TASK ITEM:
With pictures excluded, copy word for word the lines in the data below from the line containing "Your brain needs" through the line containing "Xcode bundle config".

EXERCISE INPUTS:
_ _ _ _

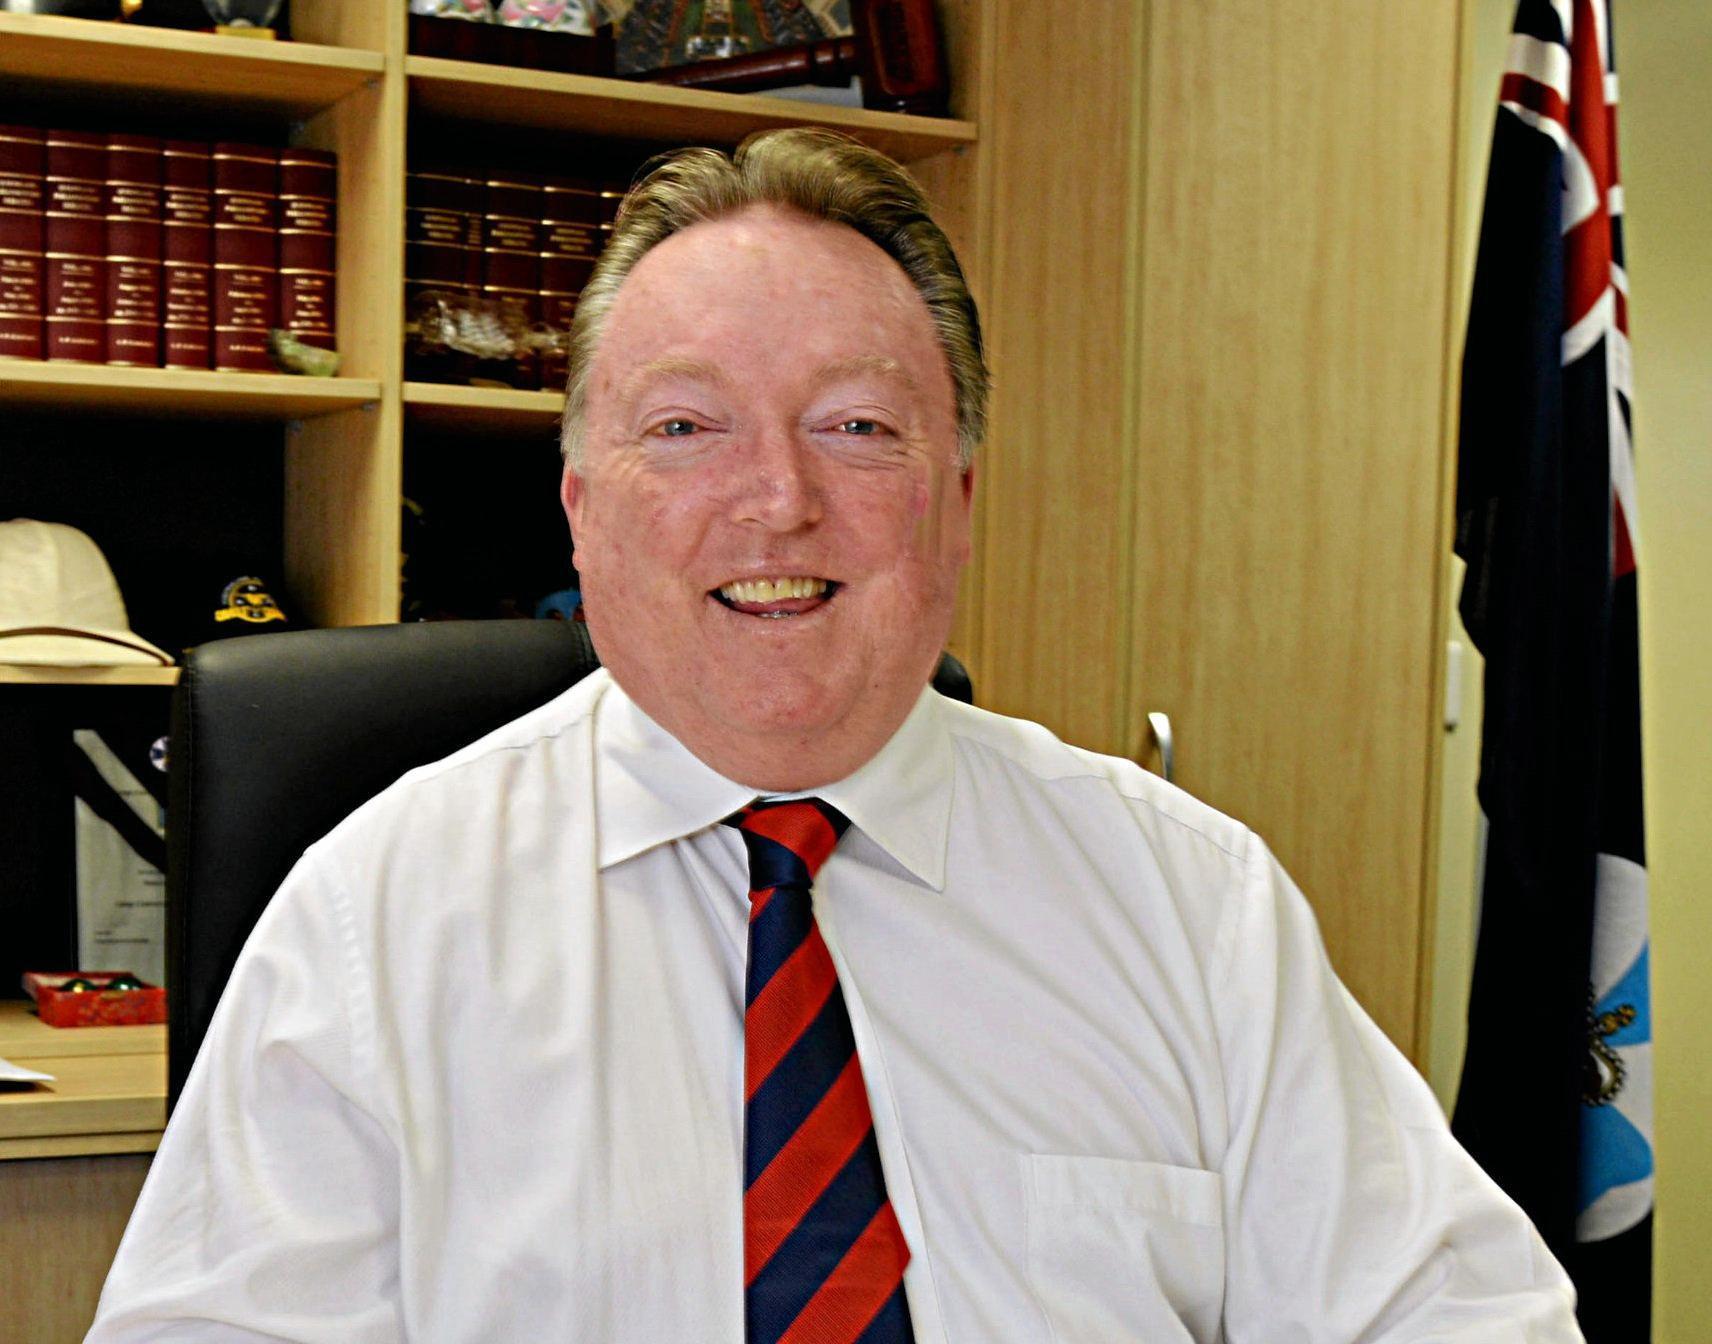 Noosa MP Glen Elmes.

_ _ _ _

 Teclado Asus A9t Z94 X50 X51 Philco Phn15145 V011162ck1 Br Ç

_ _ _ _

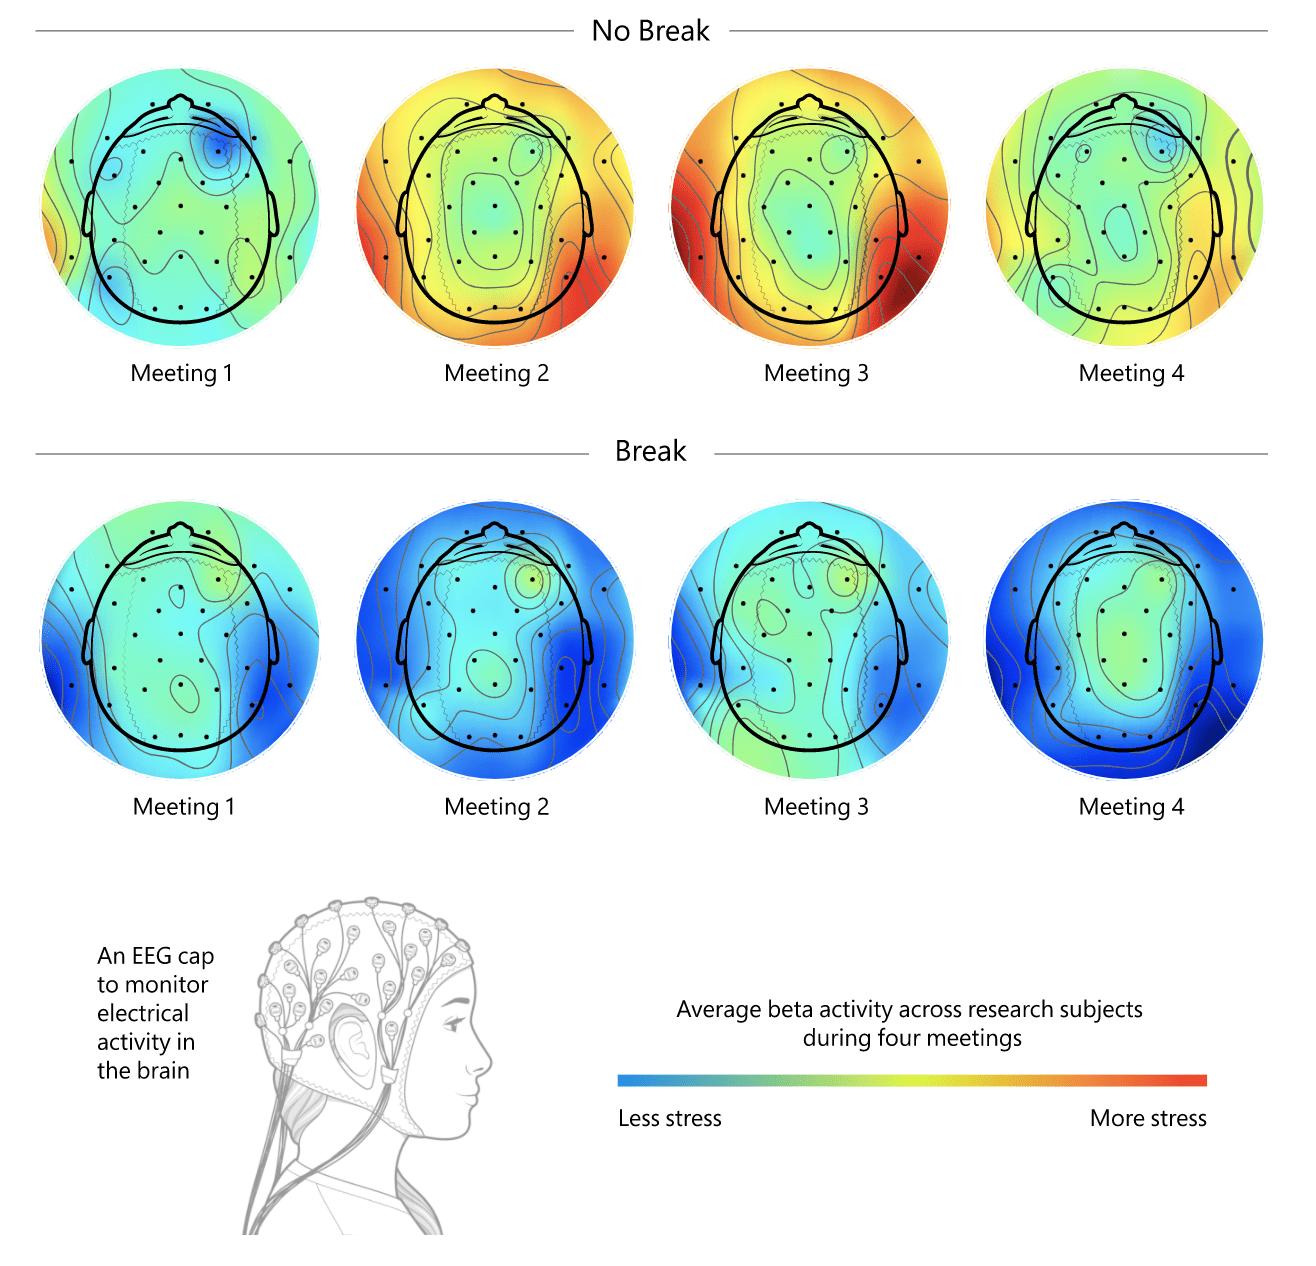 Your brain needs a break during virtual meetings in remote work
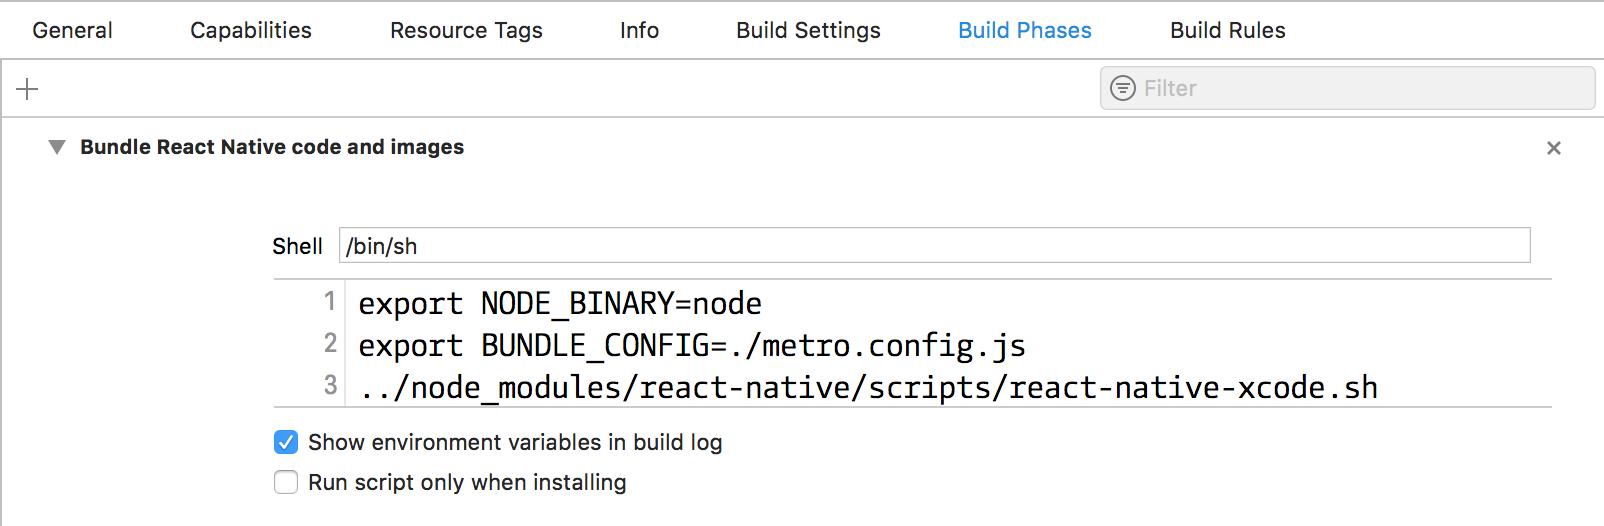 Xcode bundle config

_ _ _ _

TASK ANSWER:
 Your brain needs a break during virtual meetings in remote work
 Xcode bundle config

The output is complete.